### Work to be completed
Retype the listing exactly, with no images.

### Data section

• • • • • • •

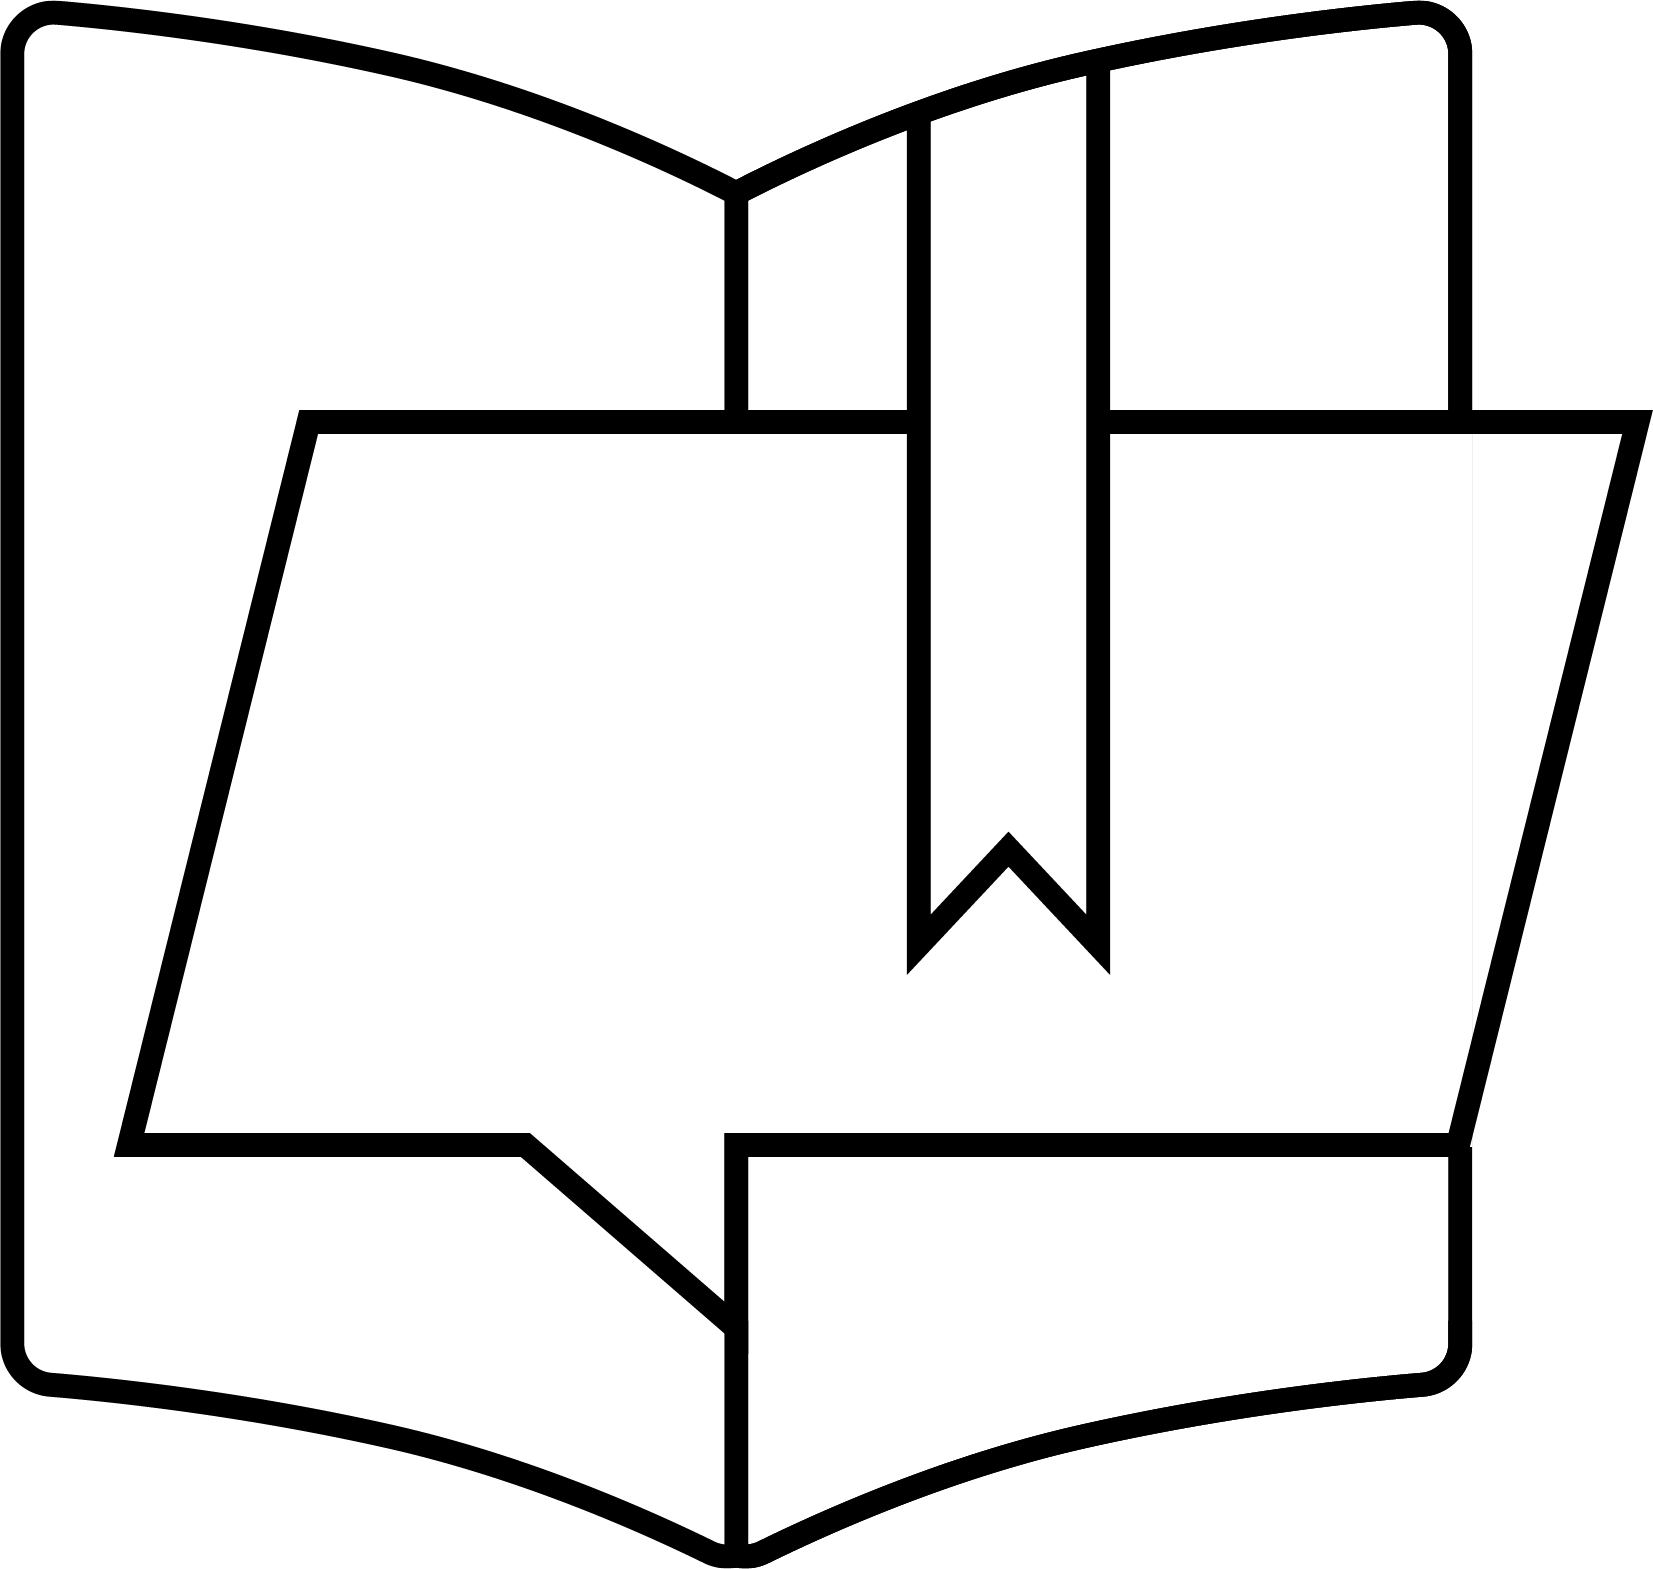 Qwyga logo
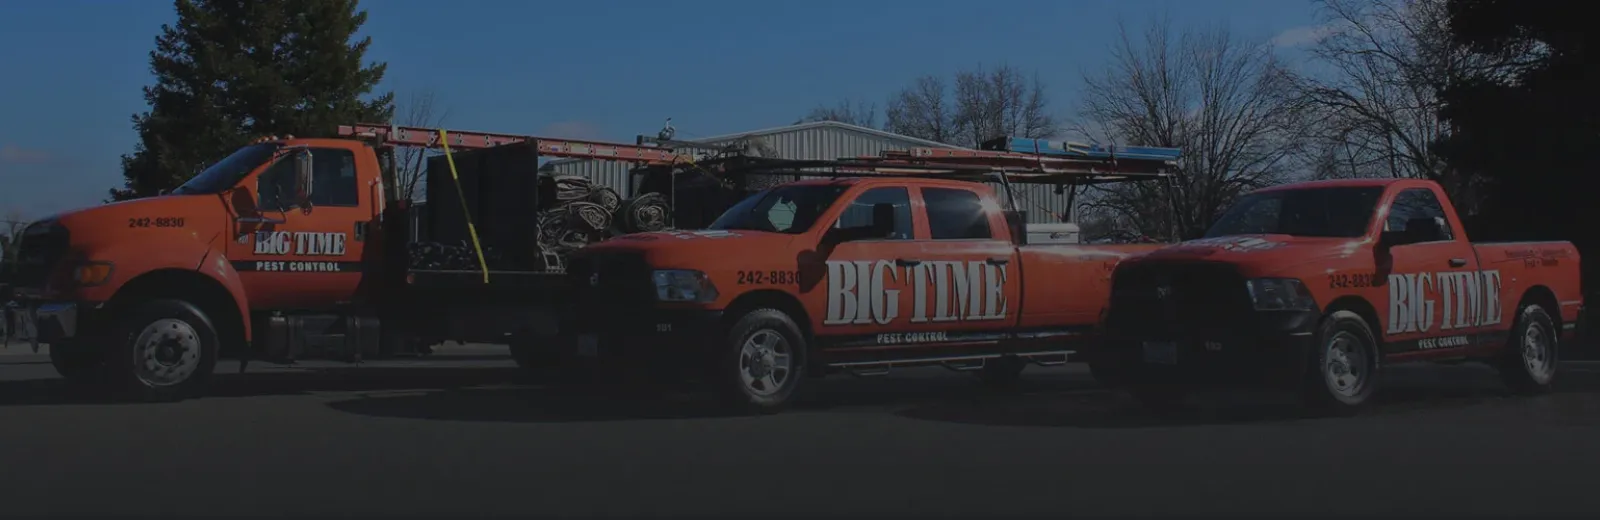 Big Time Pest Trucks
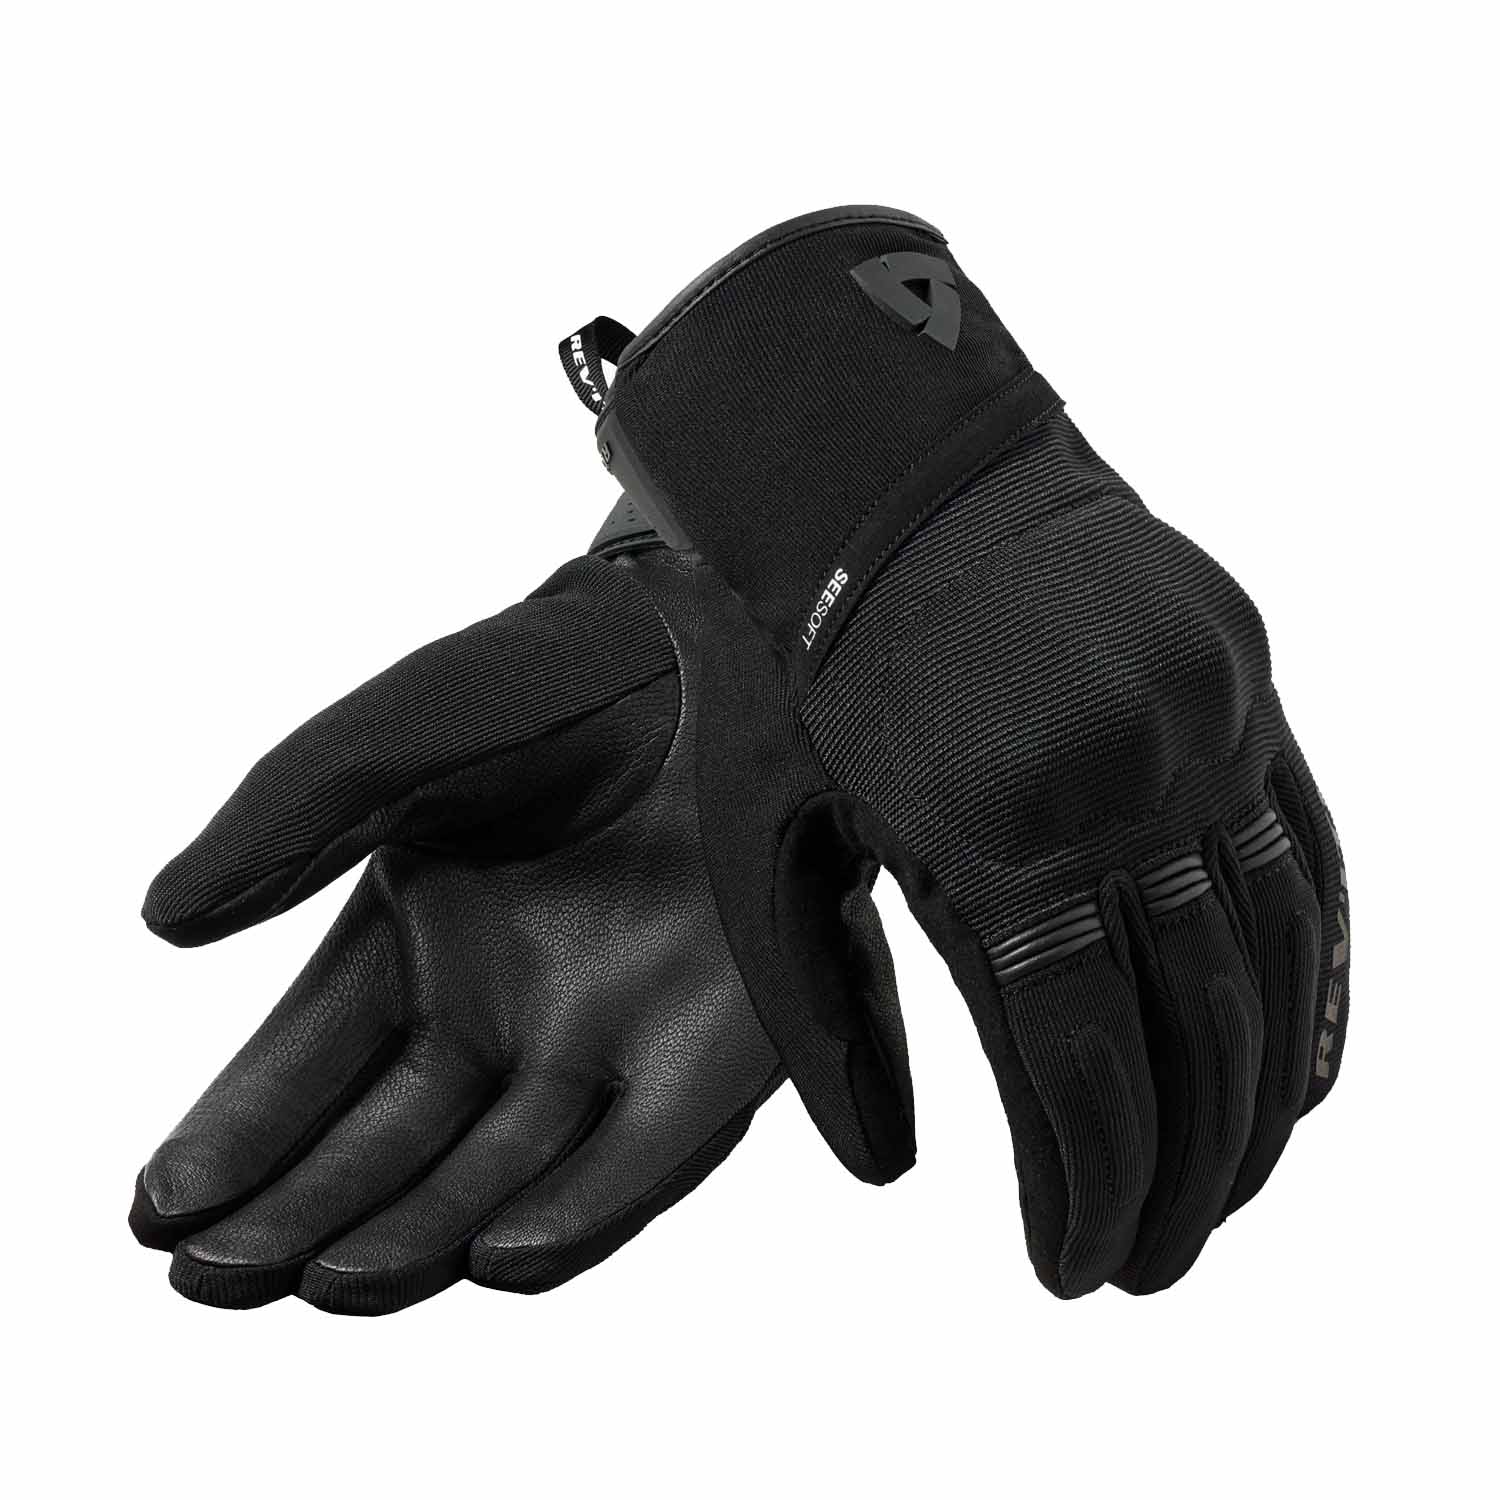 Image of REV'IT! Mosca 2 H2O Gloves Black Size 3XL EN

• • • • • • •

### Expected answer
 Qwyga logo
 Big Time Pest Trucks
 Image of REV'IT! Mosca 2 H2O Gloves Black Size 3XL EN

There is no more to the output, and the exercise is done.